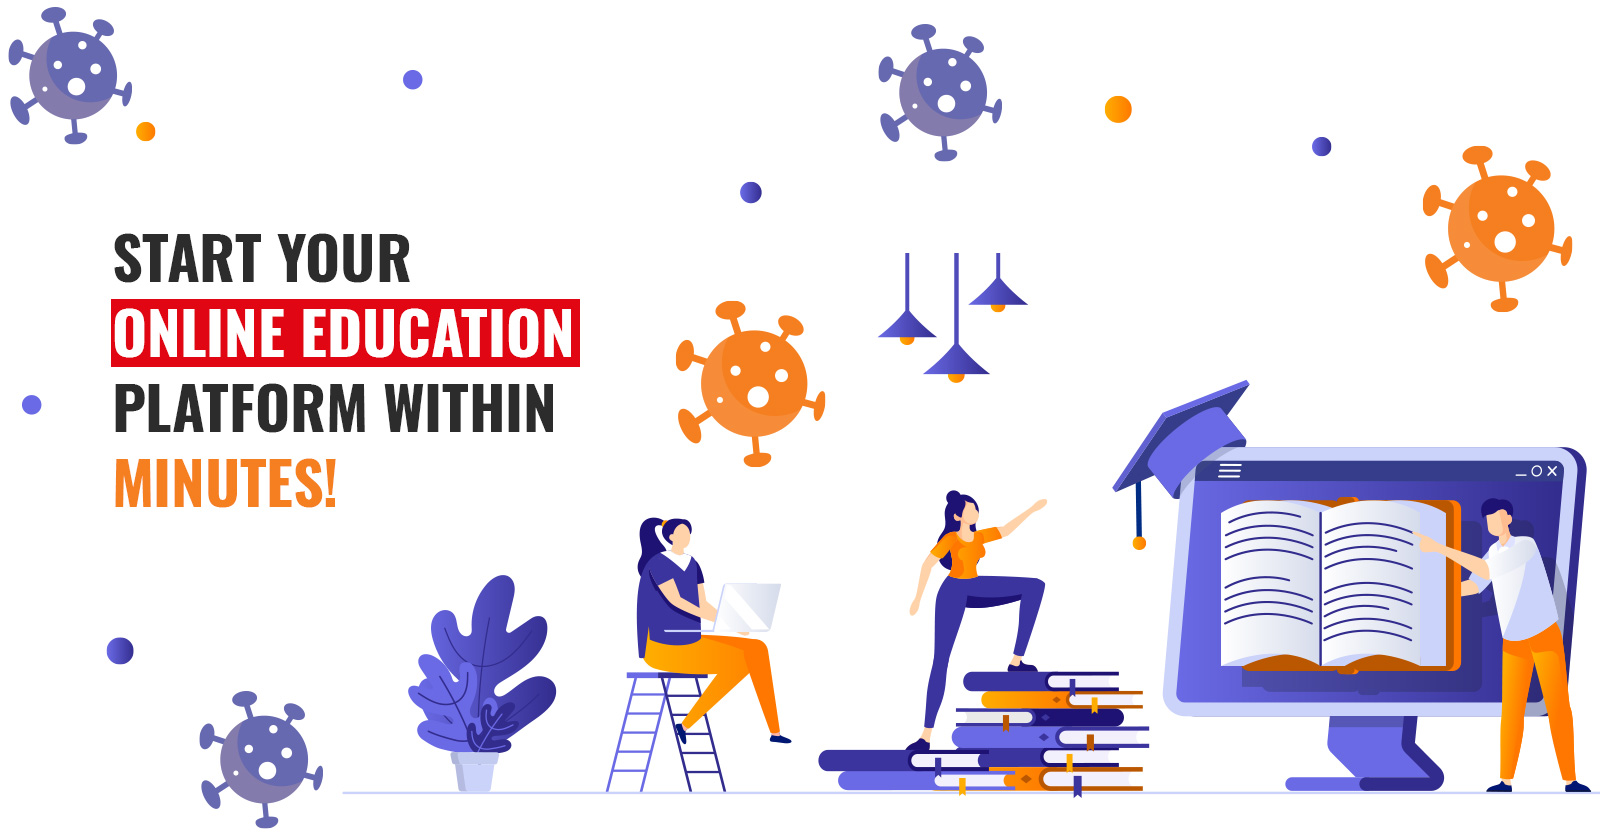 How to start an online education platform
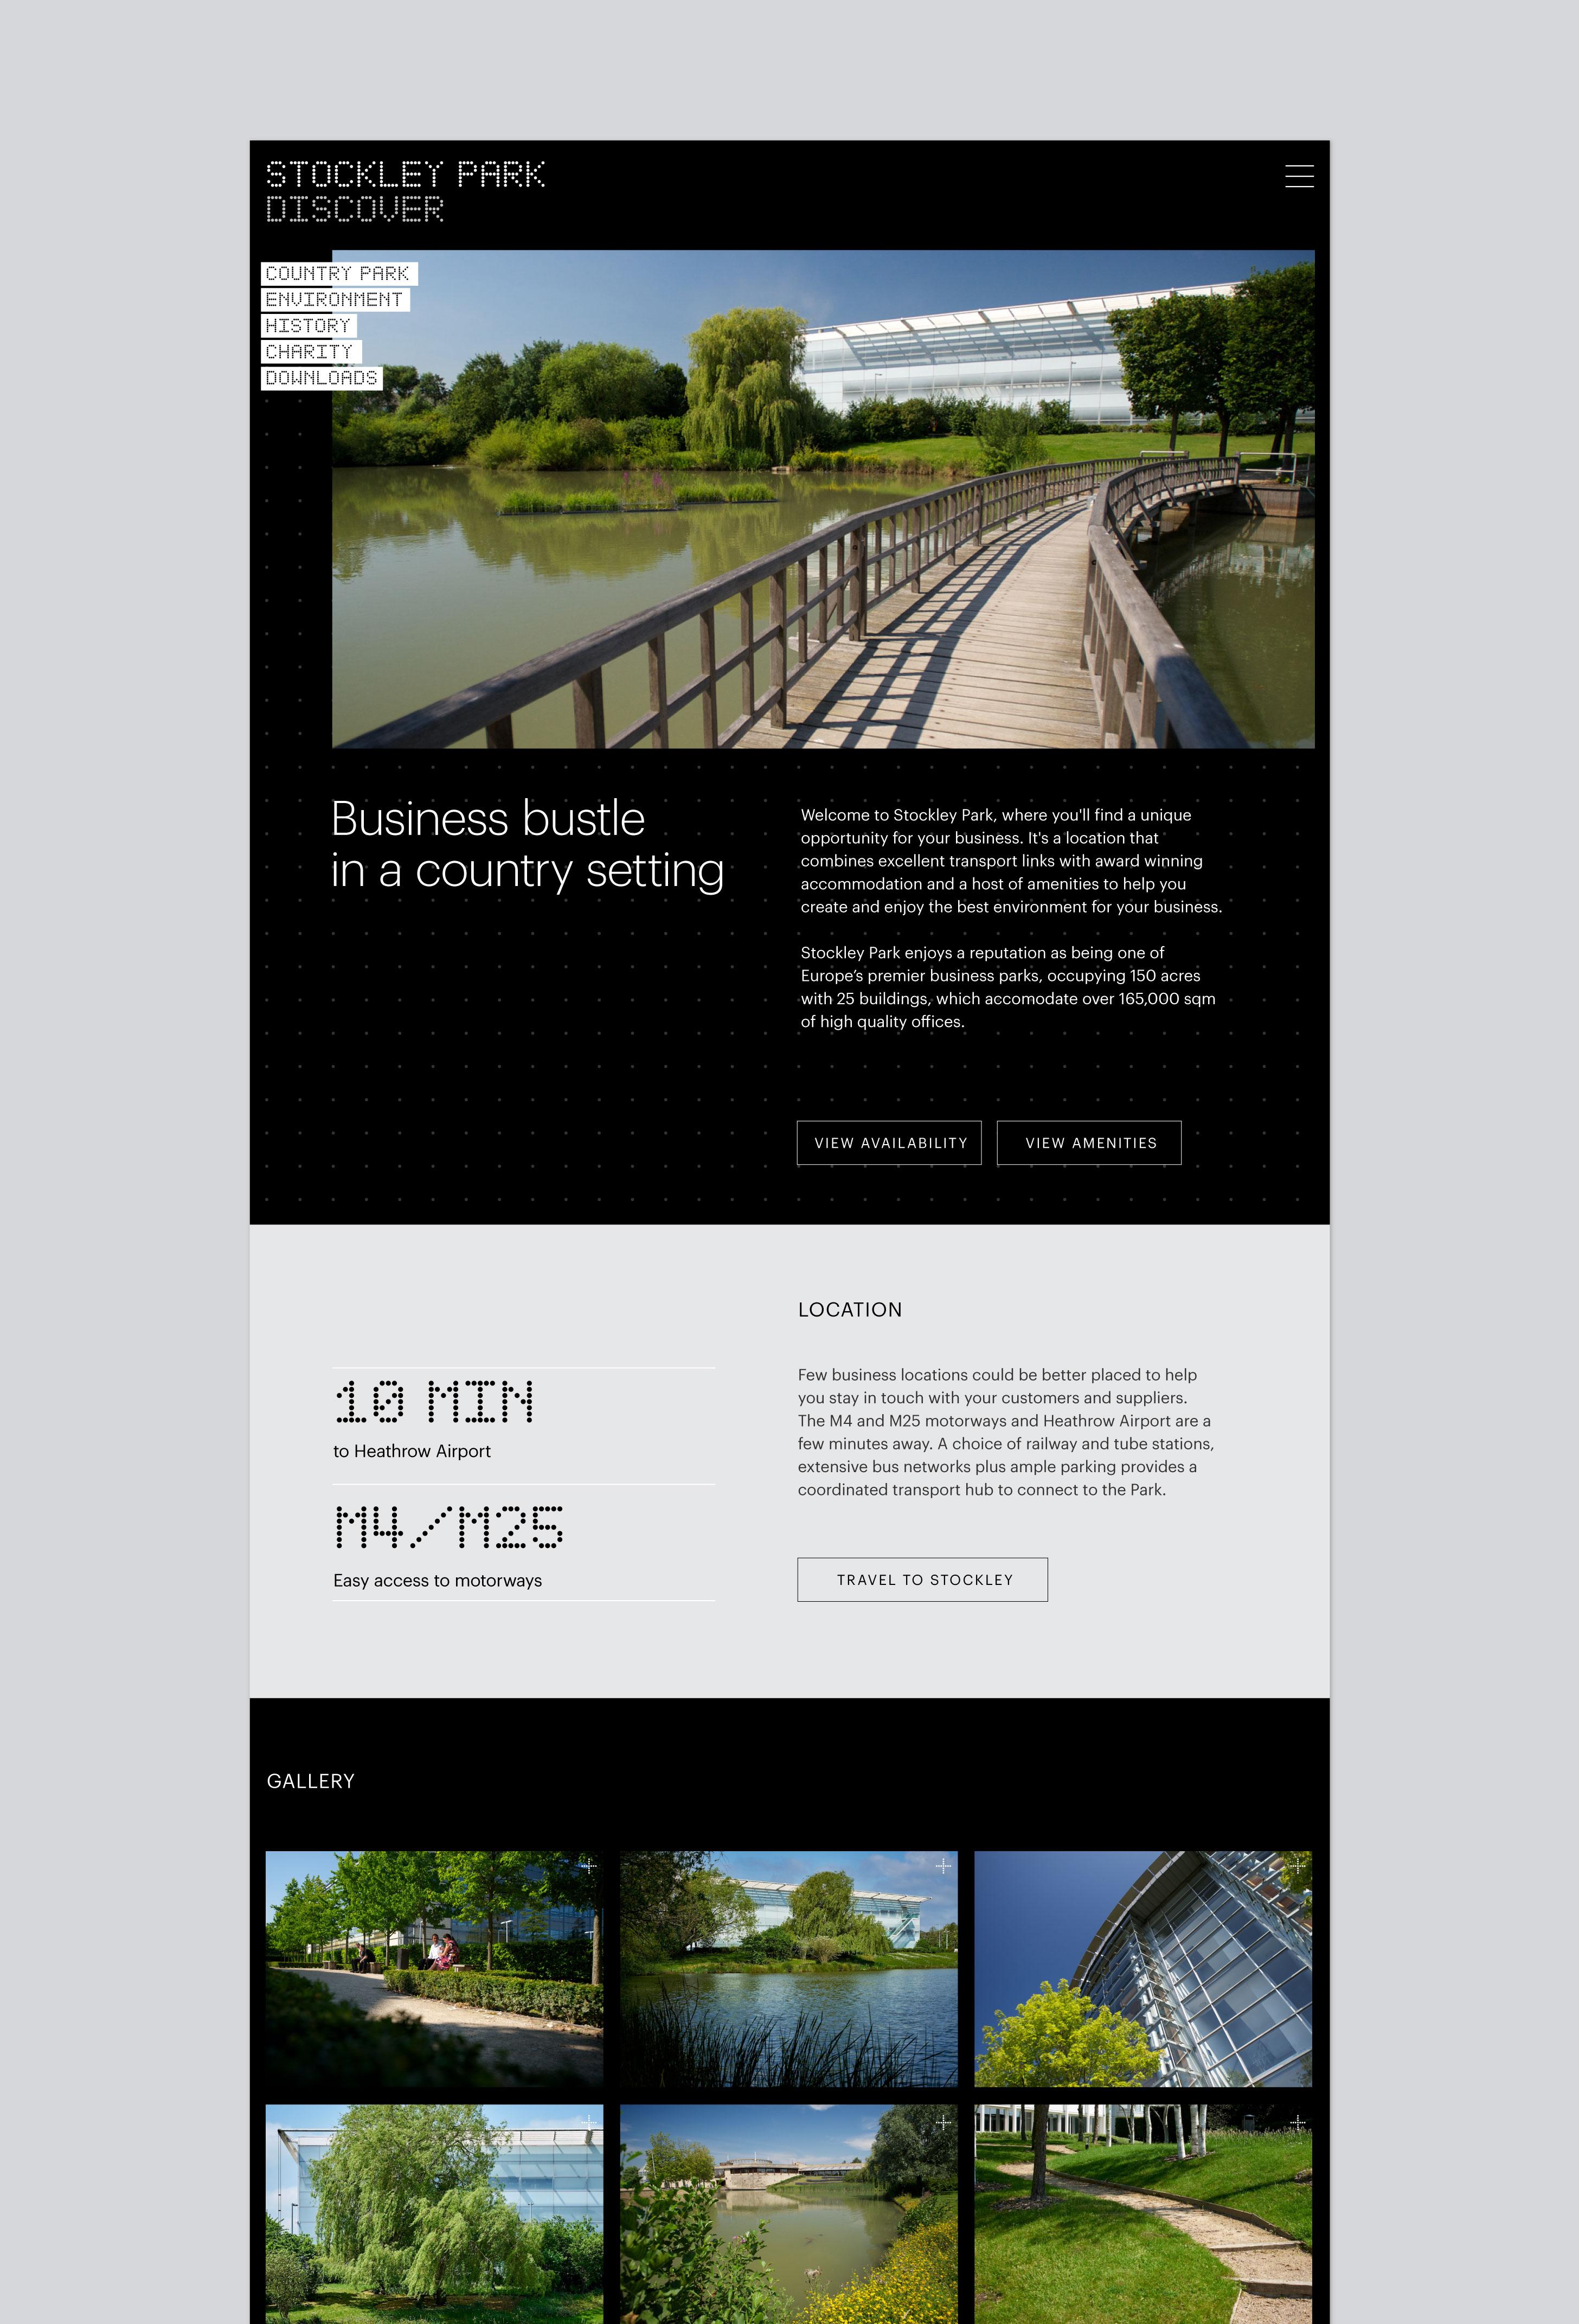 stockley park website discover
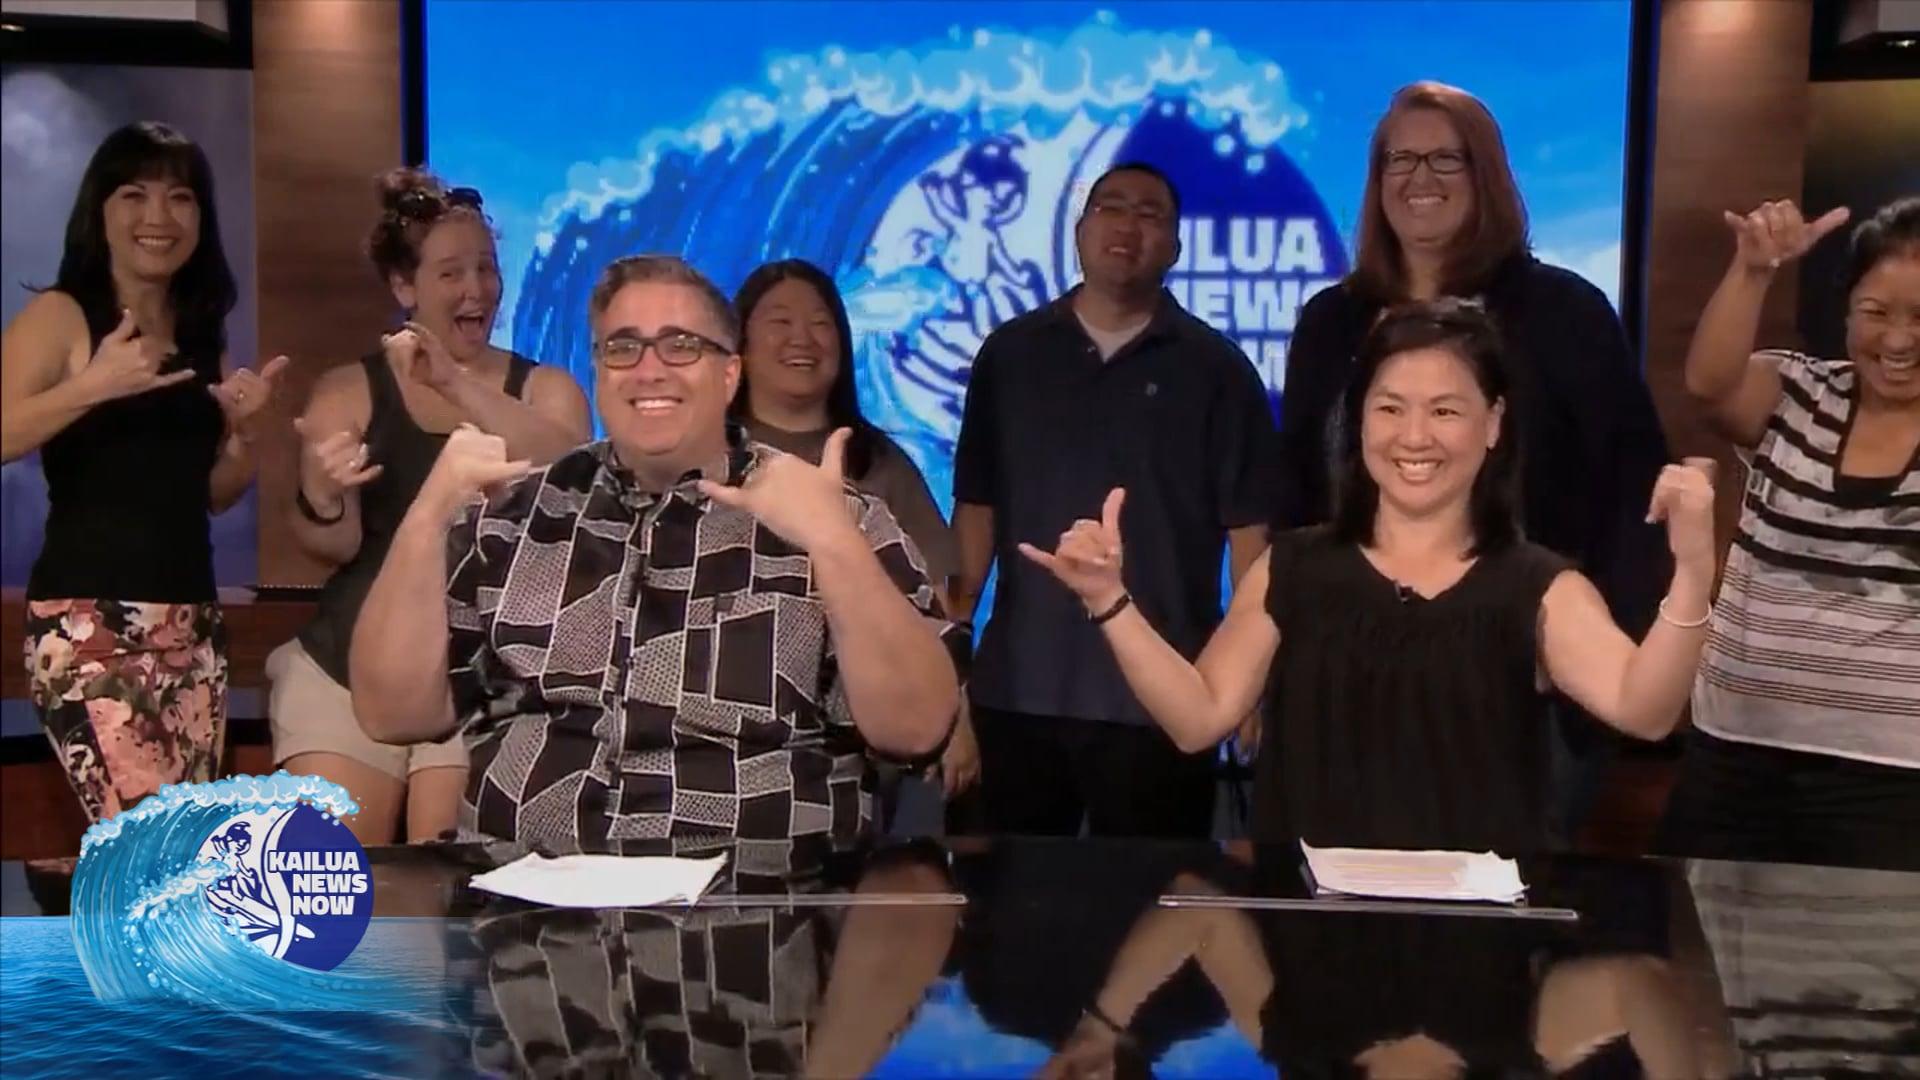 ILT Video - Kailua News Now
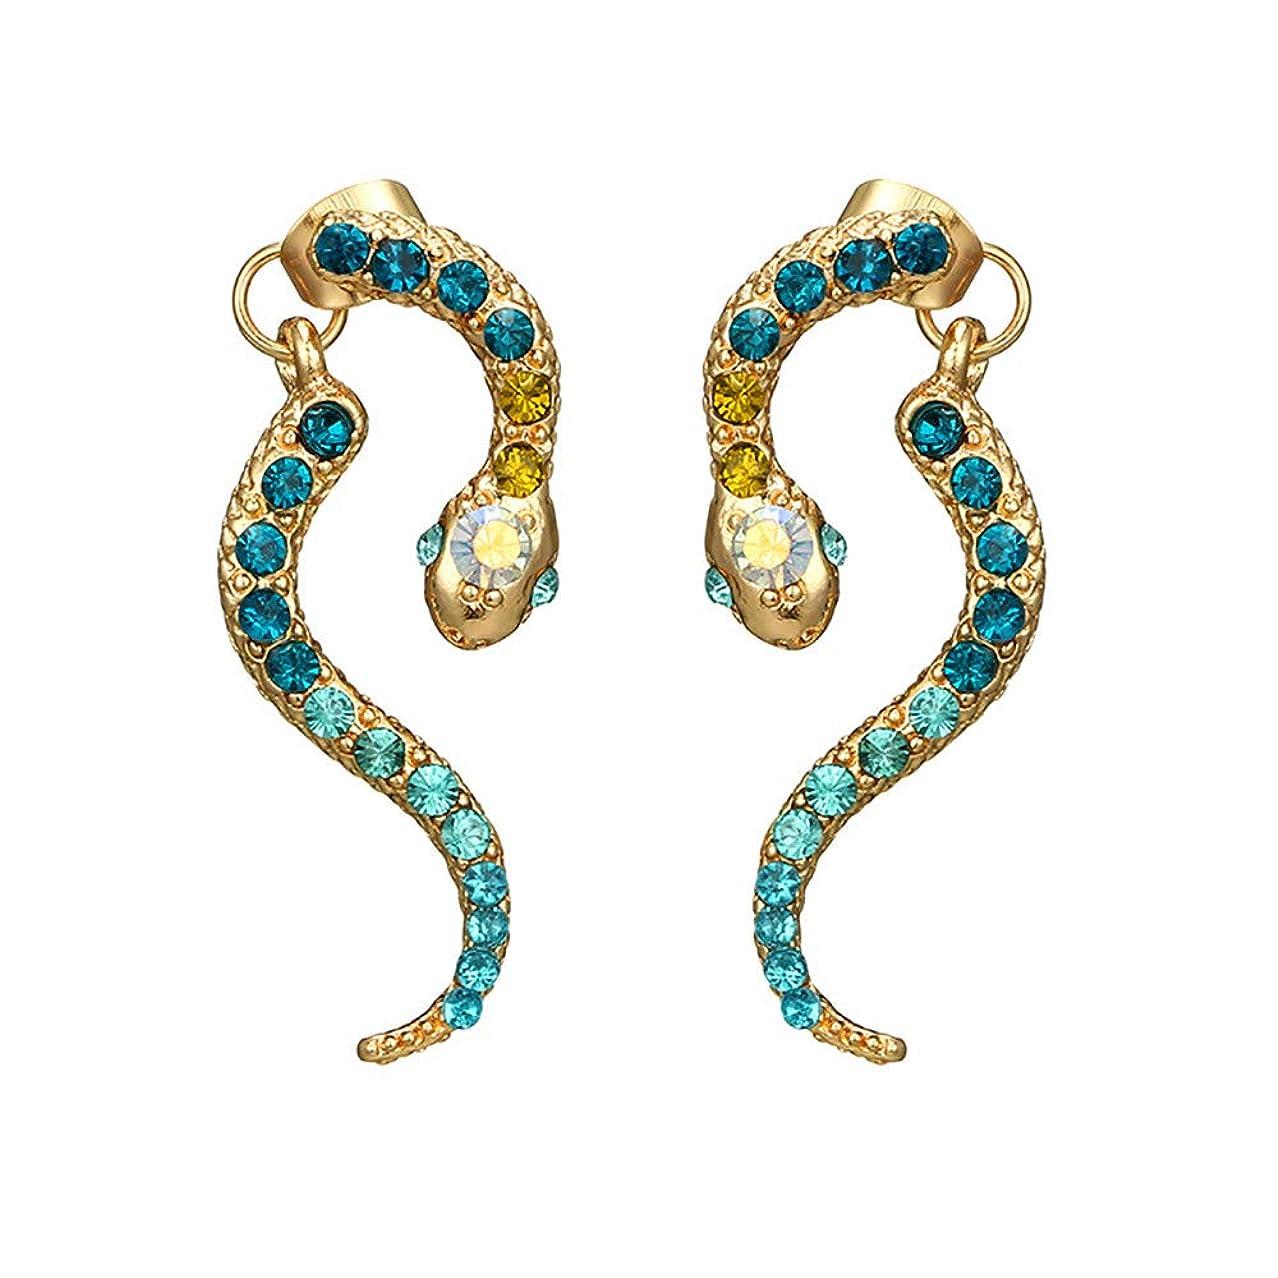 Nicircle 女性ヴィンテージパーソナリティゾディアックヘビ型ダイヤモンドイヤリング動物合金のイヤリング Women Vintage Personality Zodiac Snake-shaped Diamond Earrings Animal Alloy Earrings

Task: Repeat verbatim the lines from the one with "ILT Video - Kailua News Now" through the end of the listing above. Include both ends, add nothing, and exclude the pictures.

Answer to this task:
 ILT Video - Kailua News Now
 Nicircle 女性ヴィンテージパーソナリティゾディアックヘビ型ダイヤモンドイヤリング動物合金のイヤリング Women Vintage Personality Zodiac Snake-shaped Diamond Earrings Animal Alloy Earrings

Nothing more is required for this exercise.